The paper uses a value chain approach to assess the typical barriers faced by poor actors in these chains and how an inclusive business model attempts to overcome these barriers. Business models operate in value chains and market systems that are multi-functional and which have various arrangements that comprise of exchanges in goods and services and which depend on rules shaped by different players. This means that assessing the relationships, communication and information flows between actors is very important. Who derives benefits from participating in a value chain is equally important. Much of this will have to do with who holds power and influence in the sector.
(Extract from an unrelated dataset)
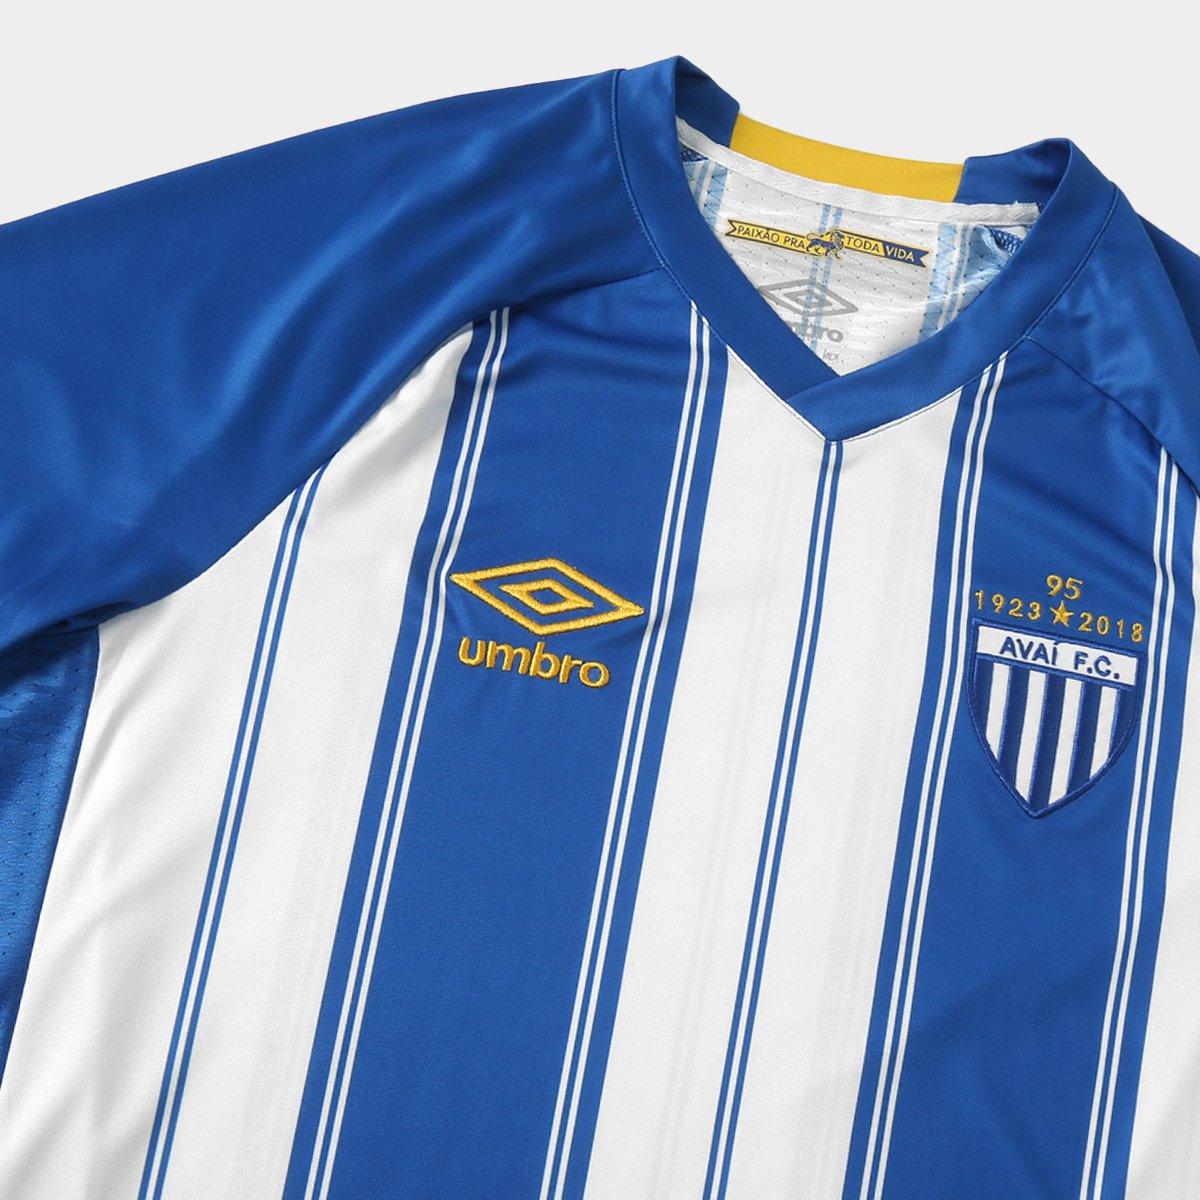 be4a995c46 Camisa Avaí I 18 19 s n° Torcedor Umbro Masculino - Azul e Branco ...

Inclusive relationships should offer various incentives that will benefit all parties’ position and performance in the chain. For example, in a contract farming scenario, large wholesalers can offer smallholder farmers various inputs (e.g. feed and seed) on credit and then buy back the harvest at the end of the farming cycle. Smallholder farmers get access to high quality inputs which increases their yields and they can pay back the credit with the sale of the harvest to the wholesaler who has more fish to sell (see graph).
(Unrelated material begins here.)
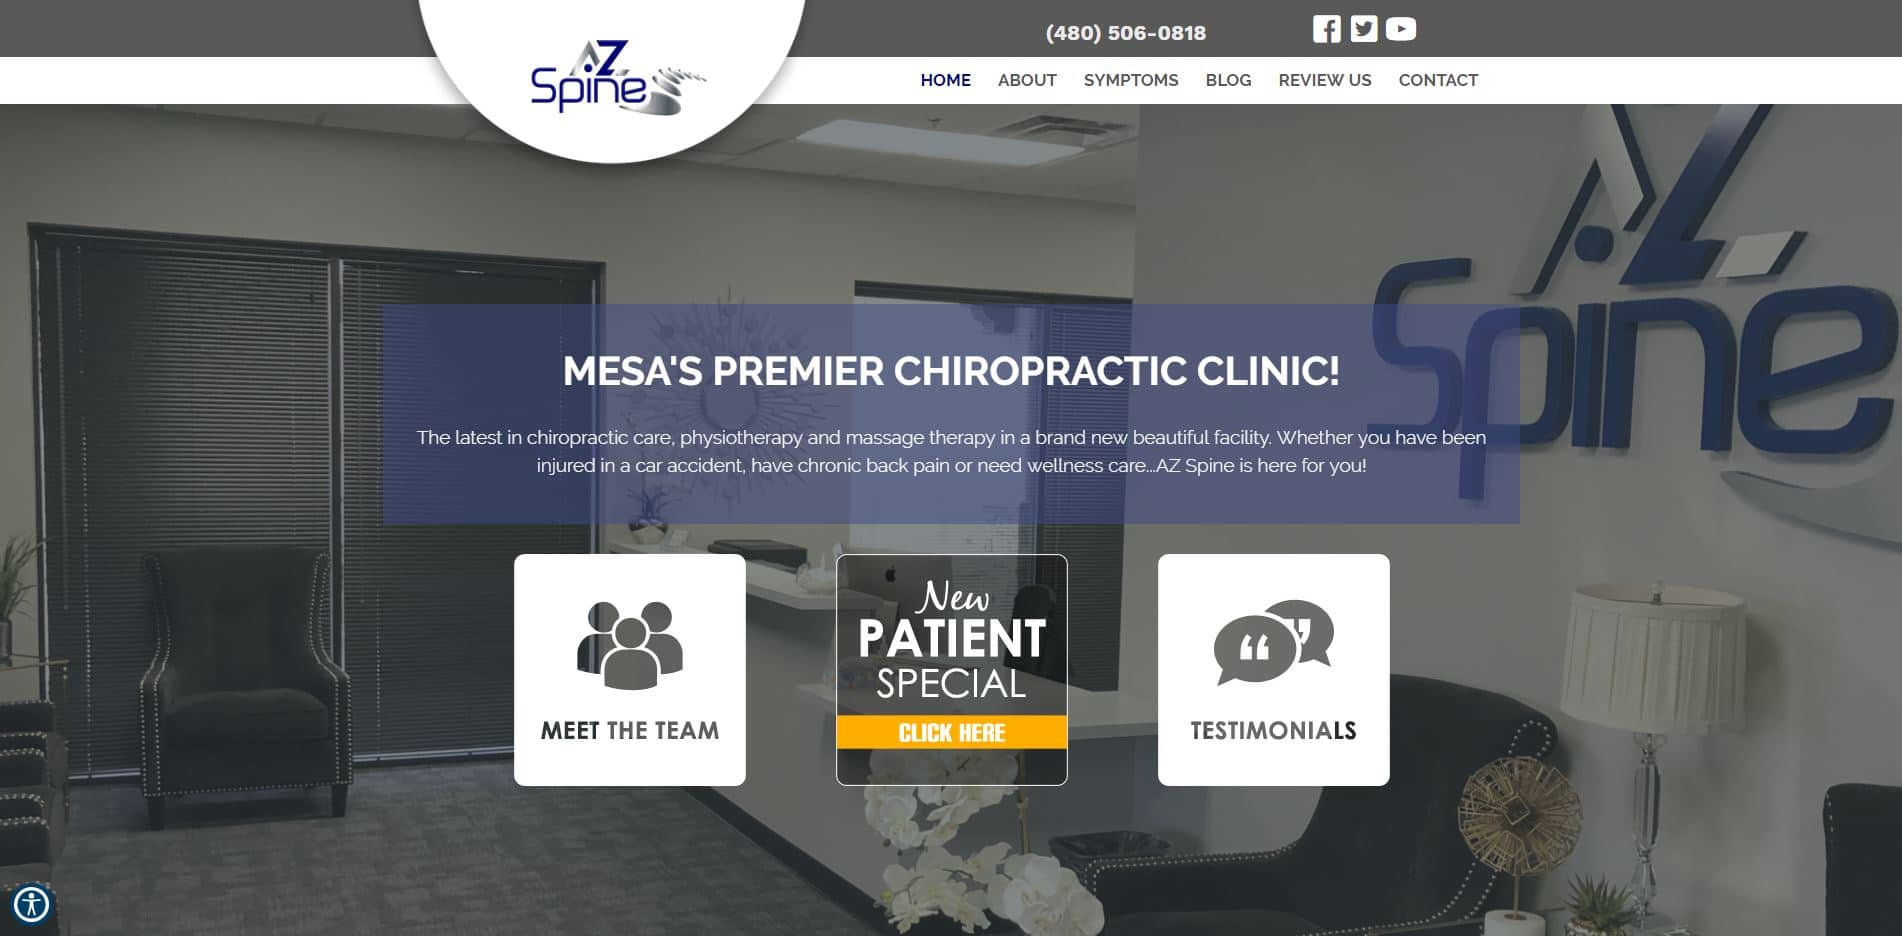 Chiropractor in Mesa

The paper, published in Reviews in Aquaculture, argues that these arrangements should be inclusive of especially poor and marginalised people by offering economic and social upgrading opportunities. The first is made up of mechanisms that enable greater economic performance (e.g. new products and improved processes); whilst the second is made up of improvements in the social conditions of the arrangement (i.e. livelihood or labour conditions). This is achieved through establishing relationships in the same node (i.e. arrangement between farmers) or with actors in different nodes (i.e. arrangements between farmers and wholesalers). This is called horizontal and vertical coordination, respectively.
The results of the review reveal that there are few examples of models in aquaculture in low-income countries. All the models were implemented in various ways and no one model was better than the other. There was also much overlap between the models. For example, fish farming cooperatives in Thailand and Vietnam improved the governance of their organisations by improving the decision-making capacities and knowledge-sharing between farmers. This allowed the cooperatives to negotiate better contracts with wholesalers and traders through various contract farming models (see graph as an example).
In most cases, there were economic upgrading incentives within the arrangements. Few of the models, however, described any social upgrading in the form of improved labour and working conditions of especially poor people taking part in the model. In the absence of social licence, worker’s rights frameworks and other mechanisms that can improve the capacities of farmers and other actors, some of the models broke down. There is thus an implied dark side to these models, where inclusiveness is not assured, and where actors can become trapped in contracts that are exploitative or find it difficult to comply with the conditions of a contract. This can leave people in the same or even worse economic conditions then they were in before.
Inclusive business models will play a larger role in how businesses, NGOs and governments roll-out aquaculture in low-income countries. New trends in changing aid structures (i.e. ‘trade-not-aid’) and changing roles for public and private actors in international development, means that such approaches are seen as a way to make markets work for the poor. How this plays out will largely depend on who is implementing these models and how. This paper allows us to see what types of models exist in aquaculture. How the models are tailored to aquaculture or how inclusive these models really are, requires more research. One thing that is clear though, is that to reach the objectives of the United Nations’ Sustainable Development Goals, aquaculture value chains will have to be more inclusive of poor people.